## TASK DESCRIPTION
Your task is to copy the data exactly while leaving out every picture.
───── INPUT DATA ─────
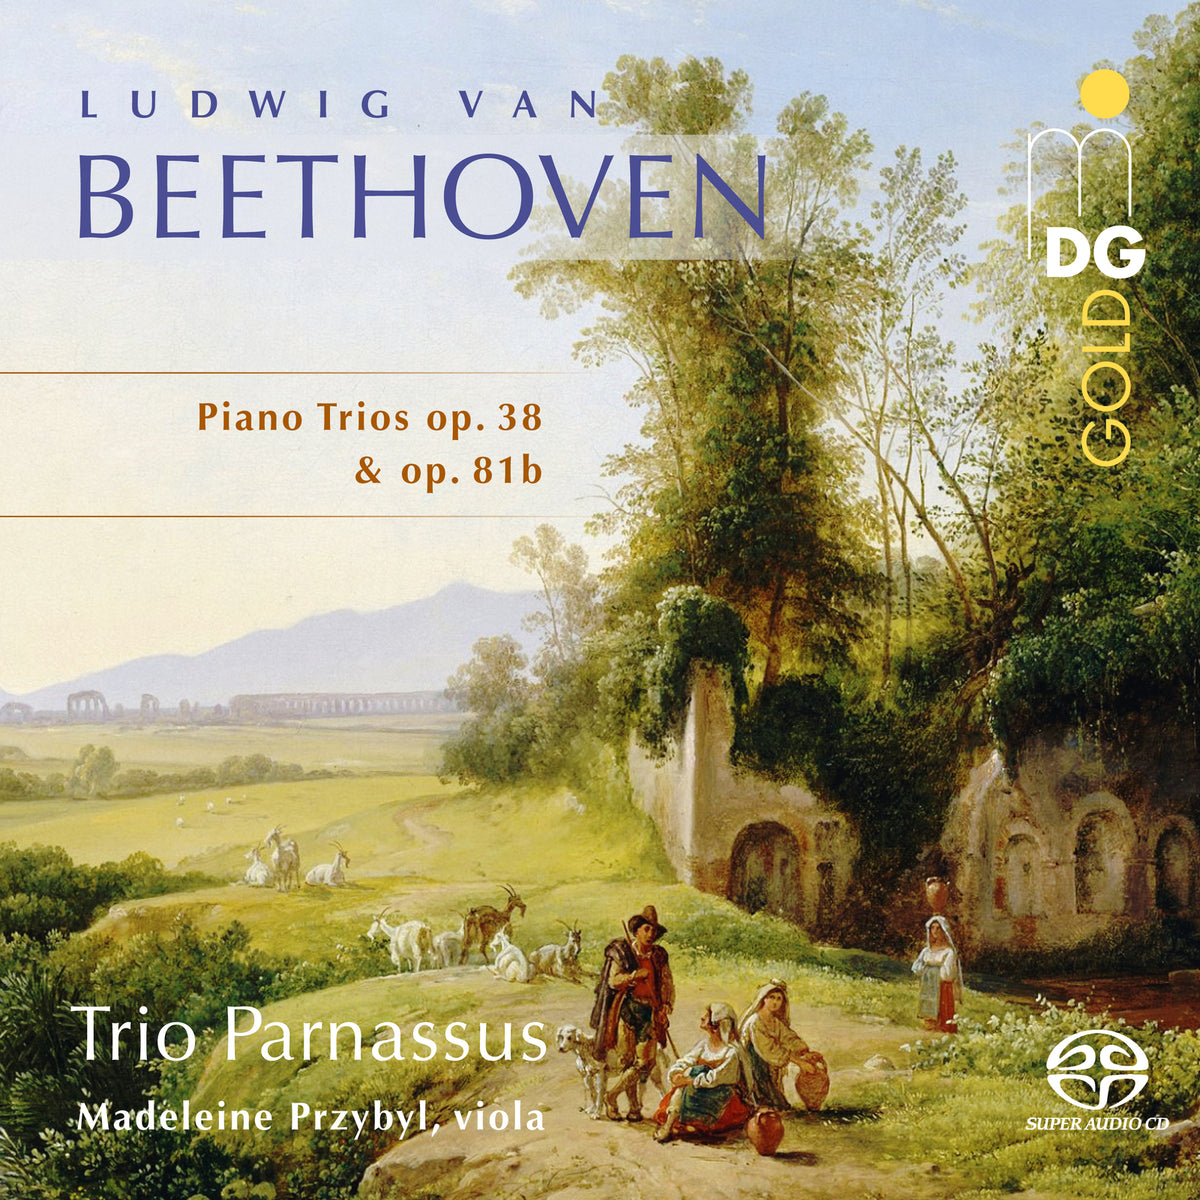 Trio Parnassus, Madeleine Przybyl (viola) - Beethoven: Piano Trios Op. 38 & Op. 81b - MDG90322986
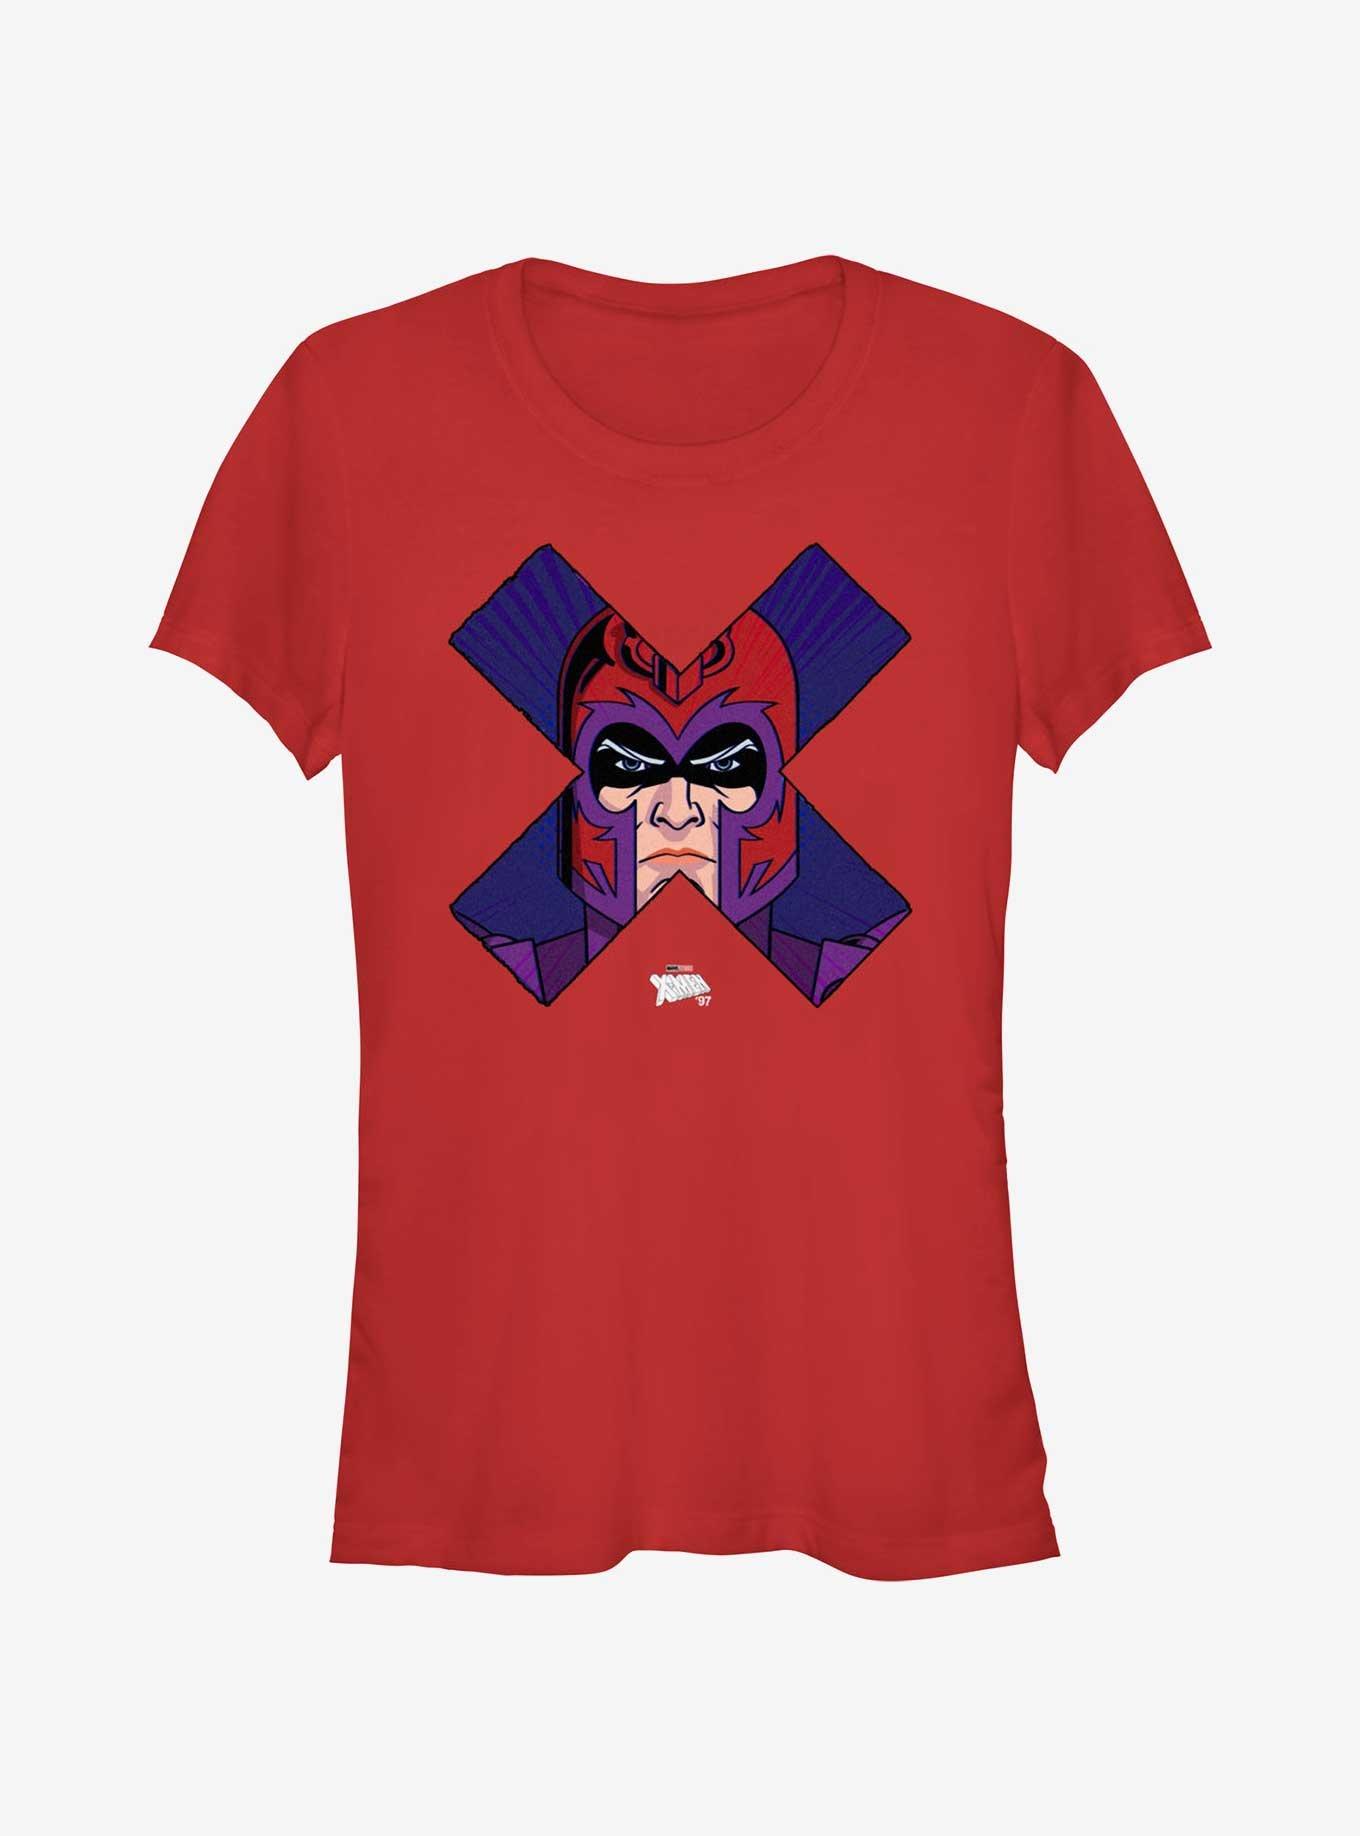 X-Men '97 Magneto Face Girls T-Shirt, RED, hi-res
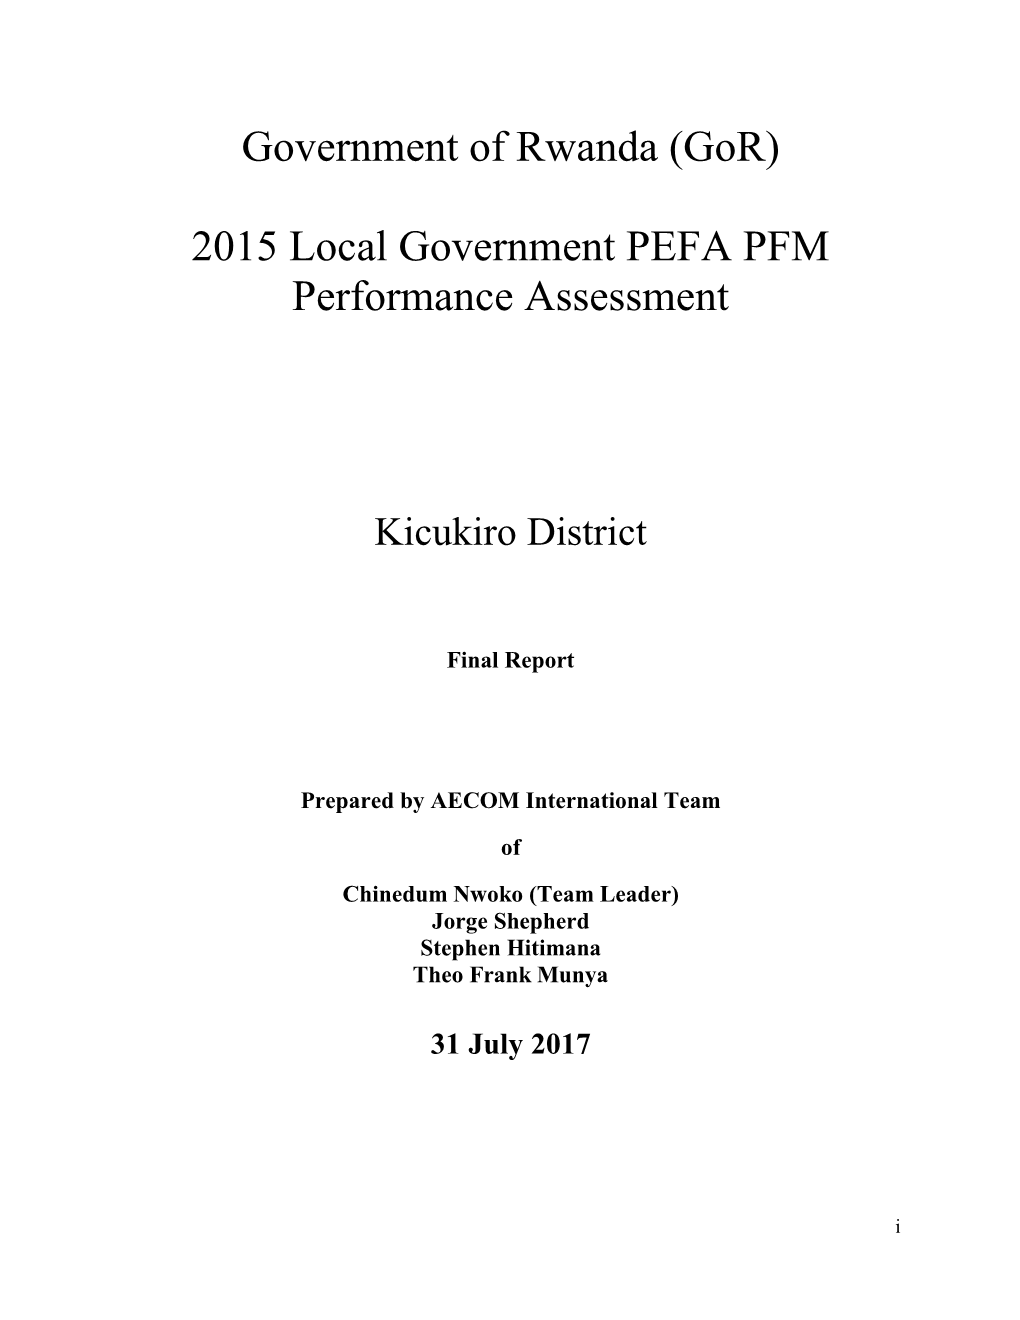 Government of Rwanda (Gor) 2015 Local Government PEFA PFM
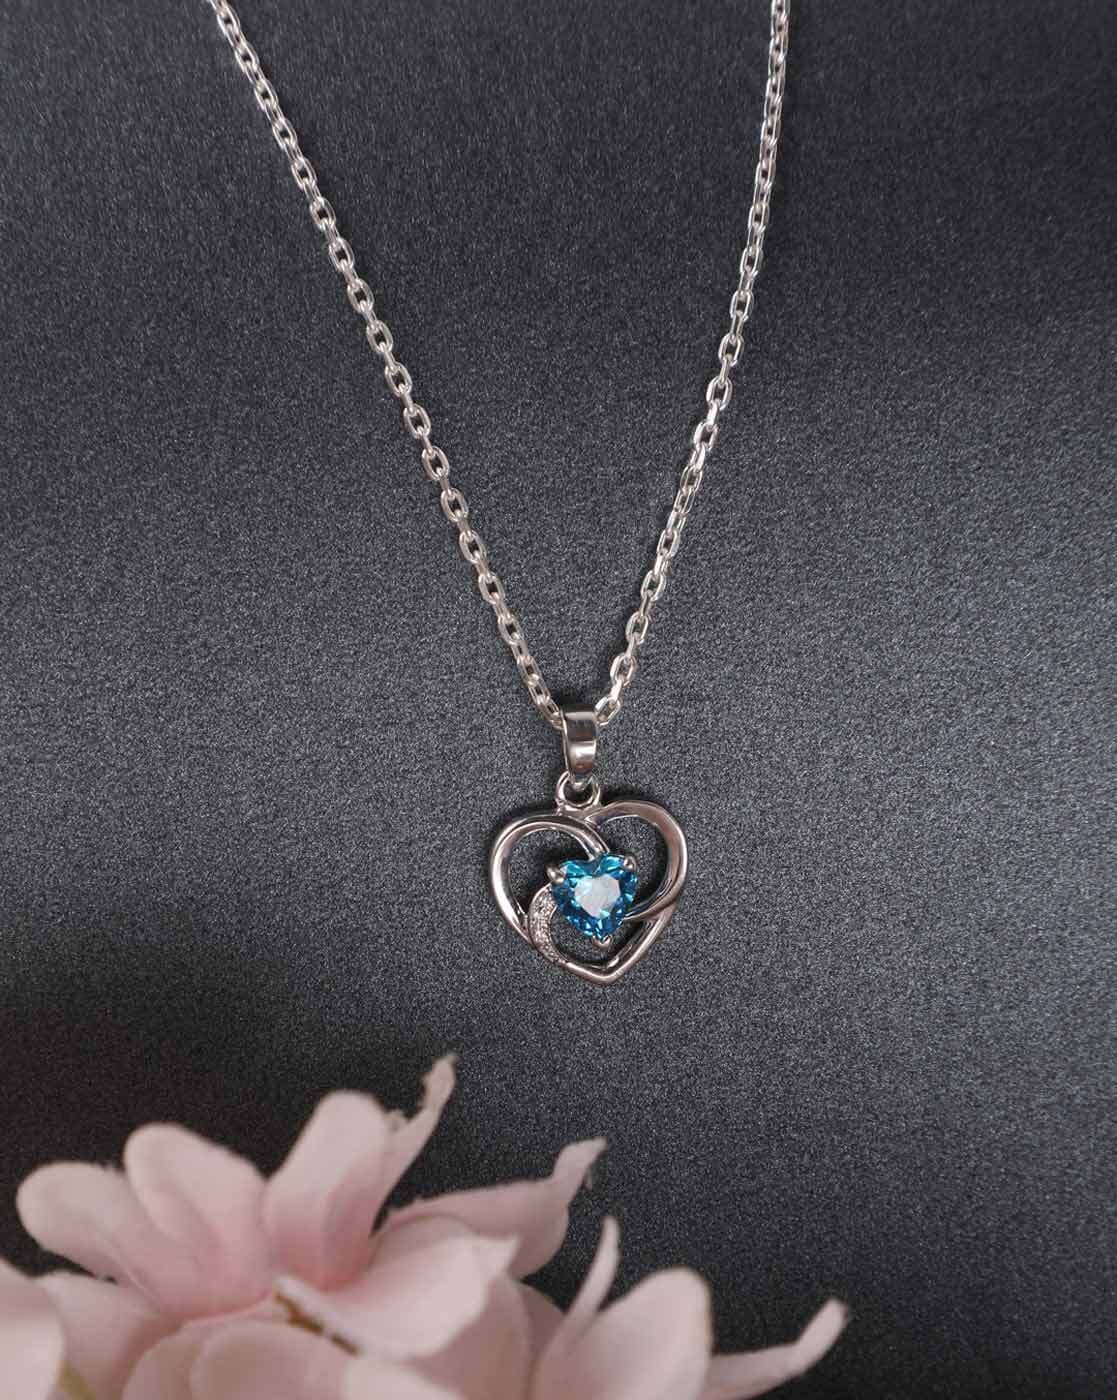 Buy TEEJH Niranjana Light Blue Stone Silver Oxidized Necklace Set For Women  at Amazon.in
─────
## THE COMPLETED TASK
 Trio Parnassus, Madeleine Przybyl (viola) - Beethoven: Piano Trios Op. 38 & Op. 81b - MDG90322986
 X-Men '97 Magneto Face Girls T-Shirt, RED, hi-res
 Government of Rwanda (Gor) 2015 Local Government PEFA PFM
 Buy TEEJH Niranjana Light Blue Stone Silver Oxidized Necklace Set For Women  at Amazon.in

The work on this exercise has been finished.